Following a work-induced breakup with her lover:
“I’ve been too busy to mourn. It will make me too sad and make this job too difficult.”
“Maybe I am just feeling burnt out. Time off is getting harder to come by. There is no such thing as a weekend. I turned off my personal cell phone a long time ago. The guilt was just too much. I can’t face three hundred unread texts from people…”
Would suggesting Tur consider a career change be too obvious?
“Do people think we enjoy living out our lives on the road, dragging our suitcases behind [Trump] all over the country…we have faceless airports, cramped coach seats…every night we’re in yet another random, far-flung hotel…we finally make it to our rooms, exhausted and grumpy. This job is hell. On relationships. On your body. On your mind.”

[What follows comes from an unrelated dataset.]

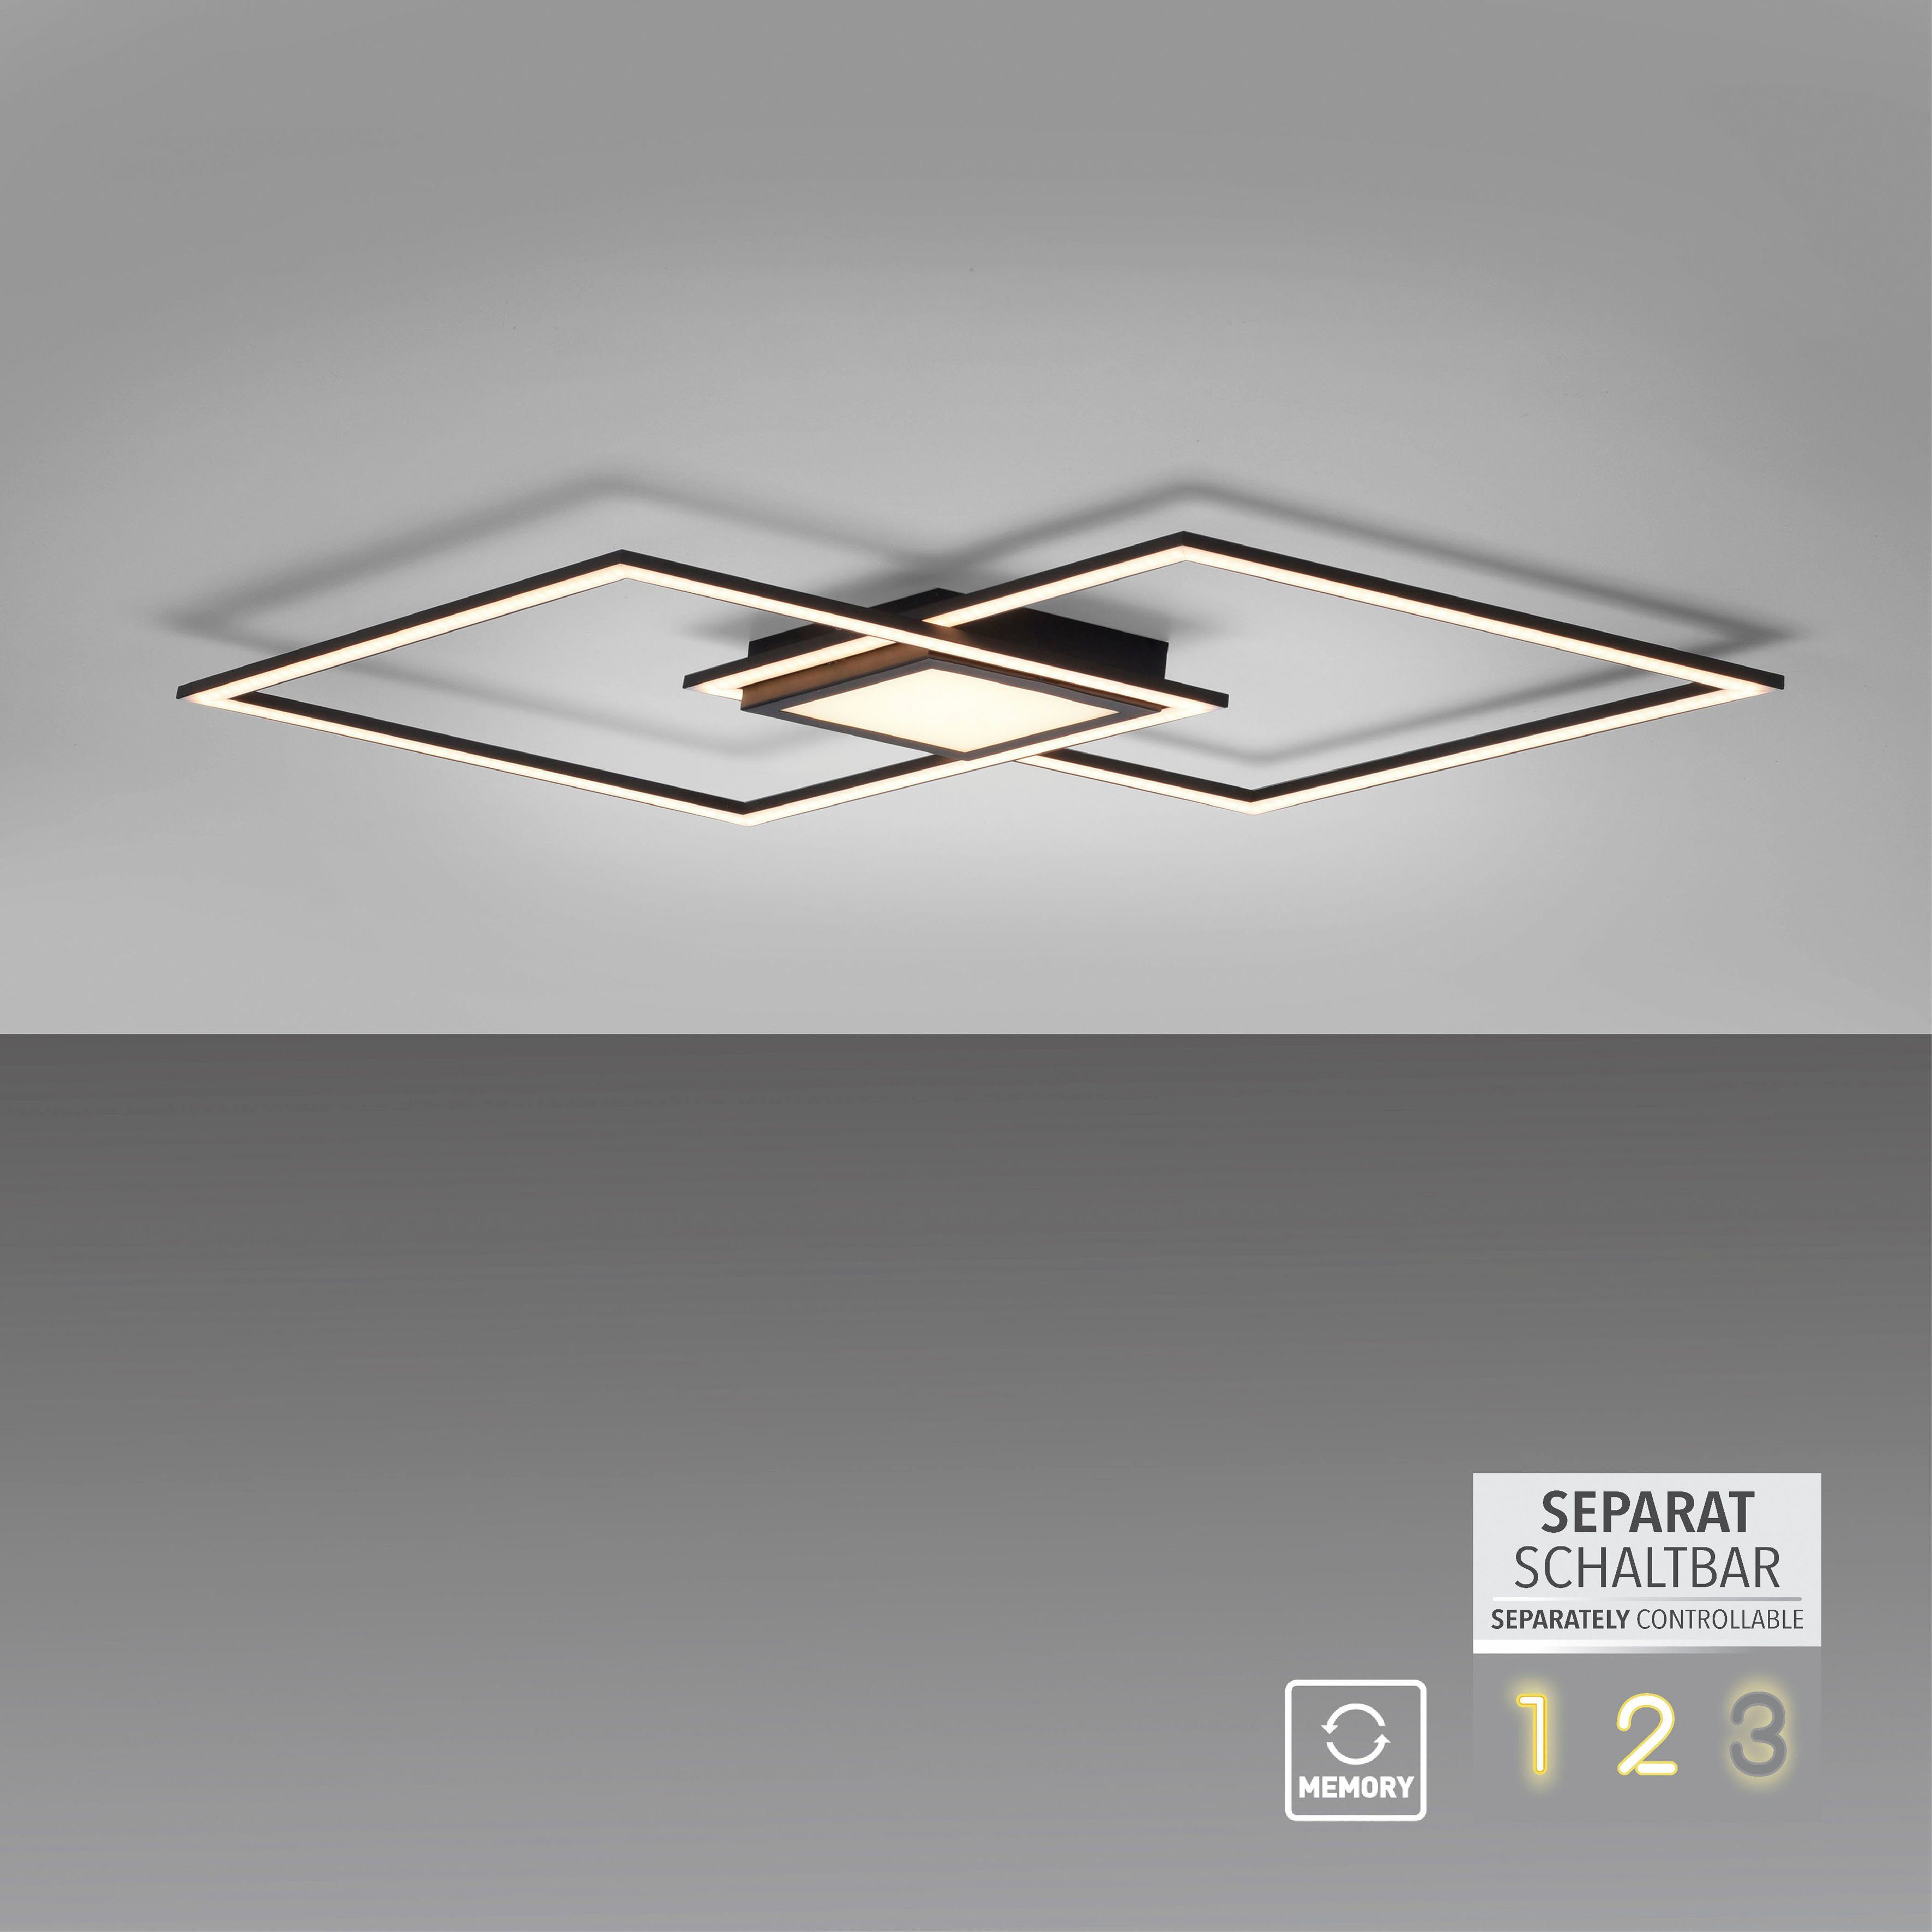 LED, Deckenleuchte Leuchten Direkt (Schalter) fest separat LED steuerbar steuerbar separat integriert, (Schalter), ASMIN, Warmweiß,

I’ll declare a whine-free zone after one particularly articulate passage:
“For god’s sake, I can’t stand in front of a camera every hour until eternity! It’s cold and it’s wet and – Fuck, I’ve lost it – Jesus Christ, people need to eat!!”
If this is what Tur does with the written word, I shudder to think what she does with the spoken word on TV.
Not that I’ve ever seen her on TV.
I’d thought a book with the subtitle of My Front-Row Seat to the Craziest Campaign in American History would provide some insights, some insider’s knowledge. Wrong. I encountered nothing – up to page 123 – that I hadn’t already heard, seen or read about.
But, as is often the case, Amazon’s readers don’t agree with me – Unbelievable is running at 4.5 stars with 1200+ reviews.
Maybe Tur’s book will be her goldmine.